La Commission a entre ses mains des études qui confirment que les biodiesels ont un impact sur l’environnement plus nocif que celui des carburants fossiles classiques. Embarrassée, et alors qu’elle était attendue sur le sujet courant juillet, elle a choisi de temporiser jusqu’à la rentrée avant de publier son rapport conclusif. Celui-ci pourrait donner lieu à une proposition législative en matière d’encadrement des agro-carburants. Les associations de défense de l’environnement y voient déjà un manque d’ambition et craignent des conséquences néfastes pour la planète.
Critères de durabilité insuffisants
« Nous avons fixé les normes de durabilité les plus exigeantes du monde », se félicitait ce mardi le Commissaire européen aux énergies, Günther Oettinger, alors qu’il dévoilait la liste de sept regroupements agrémentés pour certifier des agro-carburants dits « durables » en Europe. Pourtant, les ONG ne se joignent pas au satisfecit. « La Commission aurait du fournir une méthodologie pour prendre en compte l’impact indirect des agro-carburants », regrette Jérôme Frignet, chargé de campagne forêts pour Greenpeace France. Les critères de durabilité adoptés seraient donc insuffisants.
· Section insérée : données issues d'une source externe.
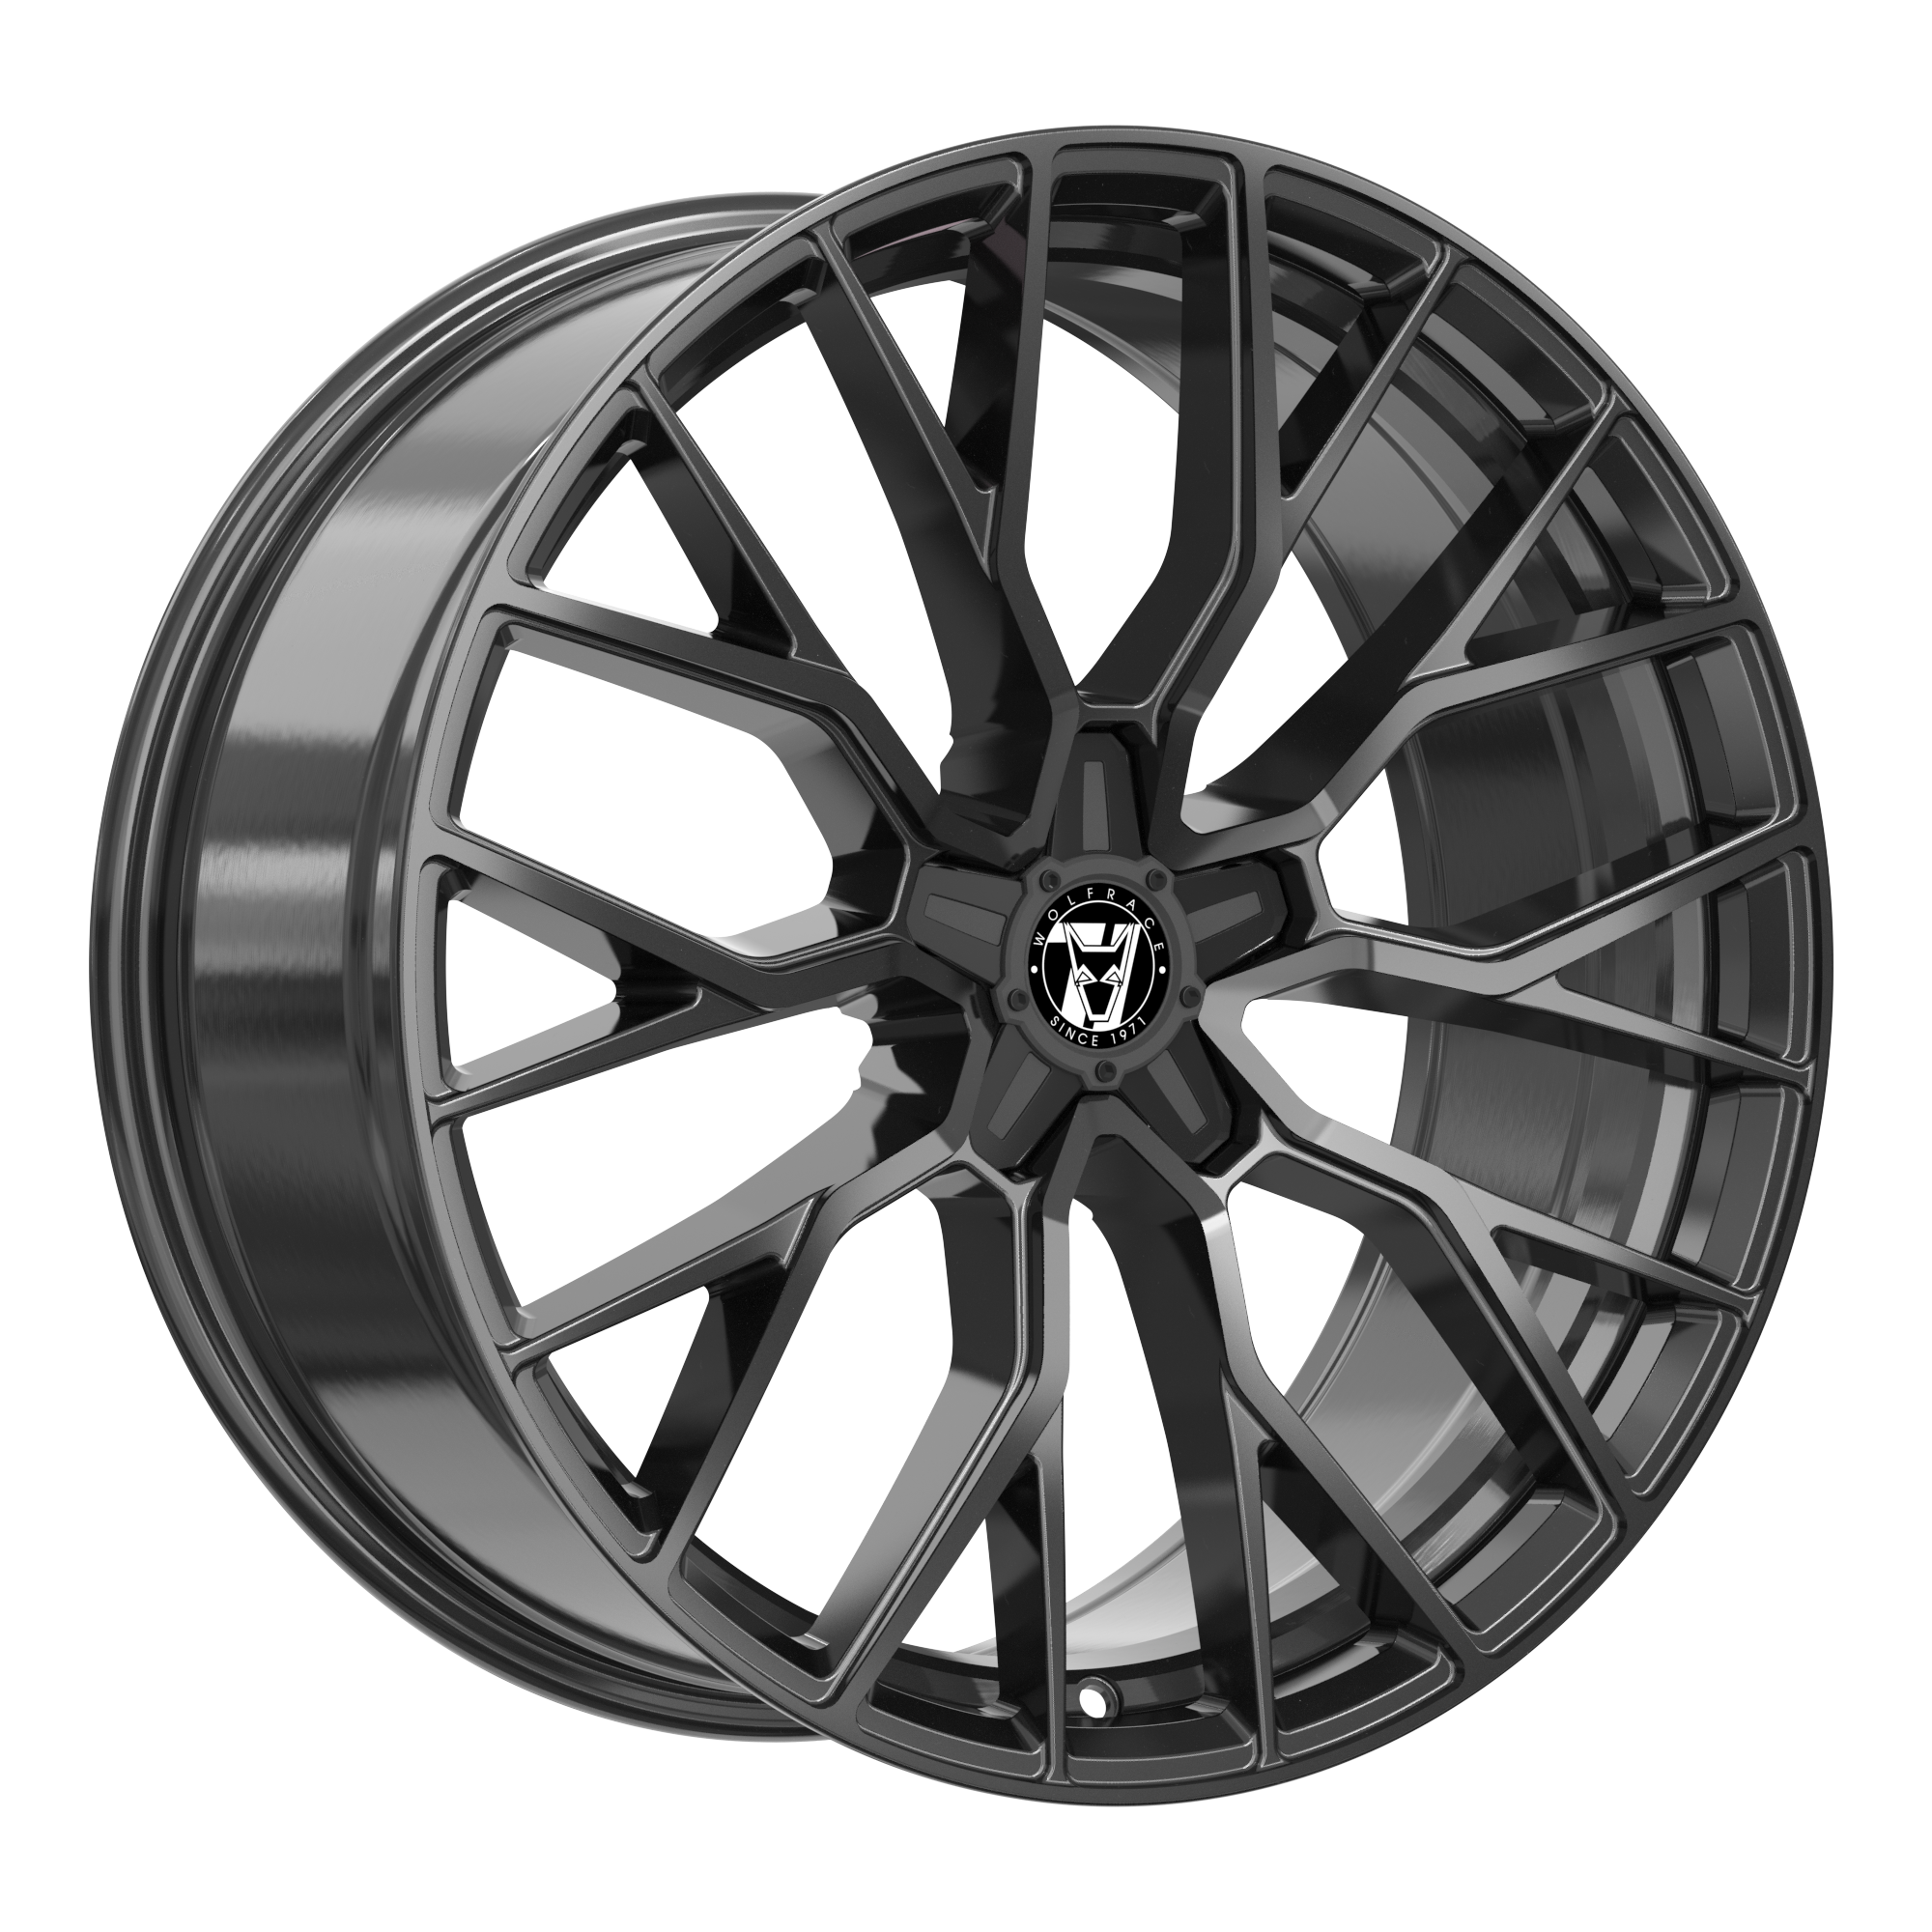 Demon Wheels 71 Munich GTR Black Edition [9.5x22] -5x108- ET 40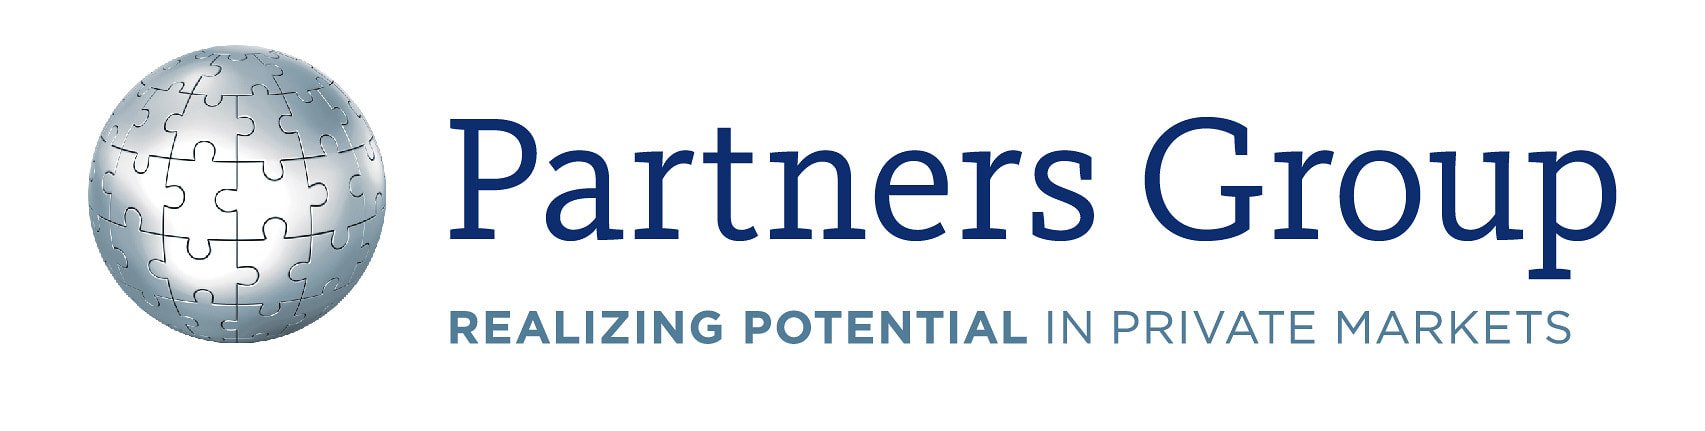 partners-group-logo.jpg

Définis en 2009, ils exigent que les cultures de soja, maïs, colza et autres tournesols, ne soient pas plantées sur des terres qui ont une forte capacité de stockage du carbone ou une grande valeur pour la biodiversité (forêts tropicales ou naturelles, tourbières (1), zones humides et protégées). De même, les producteurs doivent prouver que, de la mise en culture à la pompe, leurs agro-carburants émettent 35% de moins de gaz à effet de serre que les carburants fossiles type essence (en 2017, cet impératif grimpera à 50%).
Déforestation indirecte
Là où l’Europe ne dit rien, c’est à l’endroit des CASI, les changements d’affectation des sols indirects. Traduction : le changement d’affectation d’un sol consiste à cultiver des agro-carburants à la place d’une forêt. Comme on l’a vu plus haut, l’Europe ne le tolère pas pour les agro-carburants qu’elle importe ou produit, et ce faisant qu’elle subventionne. En revanche, elle reste muette sur les changements indirects : « Cela veut dire que l’on peut utiliser des sols qui ont des usages agricoles vivriers pour faire des agro-carburants et entraîner le déplacement des cultures alimentaires à l’endroit de forêts. C’est une déforestation indirecte », explique Nusa Urbanic, de l’ONG européenne Transport & Environnement.
Quelle est le poids des CASI ? Considérable, si l’on en croit l’étude diligentée par l’Institut international de recherche sur les politiques alimentaires (IFPRI) pour le compte de la Commission. « Les résultats n’ont pas été rendus publics par la Commission mais il y a eu des fuites, assure Jérôme Frignet. L’impact environnemental des biodiesels est supérieur à celui du gazole fossile ».
Des émissions doublées
En moyenne, la prise en compte des CASI doublerait le bilan carbone des biodiesels. De quoi sérieusement annihiler leur intérêt. Pour Jérôme Frignet, si l’on tirait toutes les leçons de cette nouvelle, la filière du biodiesel serait quasiment vouée à disparaître. Ne tireraient leur épingle du jeu que les bioéthanols (blé, maïs, betterave, canne à sucre) utilisés pour les véhicules à essence, et qui représentent à peine un tiers des agro-carburants. En revanche, adieu, tournesol, soja, colza, huile de palme. L’Europe prendra-t-elle ce risque, alors qu’elle s’est fixée d’atteindre 10% d’énergies renouvelables dans les transports d’ici à 2020 ? « C’est la grande inconnue », dit Jérôme Frignet qui sait que, face à la Commission, la filière industrielle, représentée en France à travers des groupes comme Sofiprotéol, saura résister de tout son poids.
Une demande croissante
Si la Commission fermait les yeux, les conséquences seraient considérables, alertent les ONG qui ont commandé une étude d’impact à l’Institut pour la politique européenne environnementale (IEEP). « Pour atteindre l’objectif de 10% d’agro-carburants en 2020, l’Europe aura un besoin en terres équivalent à la superficie de l’Irlande, dit Nusa Urbanic. En terme de gaz à effet de serre, ce serait l’équivalent de 19 à 24 millions de véhicules additionnels en circulation ».
Qui pâtira en premier de cette demande croissante ? « En France, 30% du biodiesel est importé », dit Jérôme Frignet. Du soja d’Amérique latine, de l’huile de palme d’Indonésie ou de Malaisie… Autant de pays qui risquent de voir leur forêt trinquer.
(1) Terrain formé de tourbe, produit combustible résultant de la décomposition lente de plantes herbacées dans les eaux stagnantes.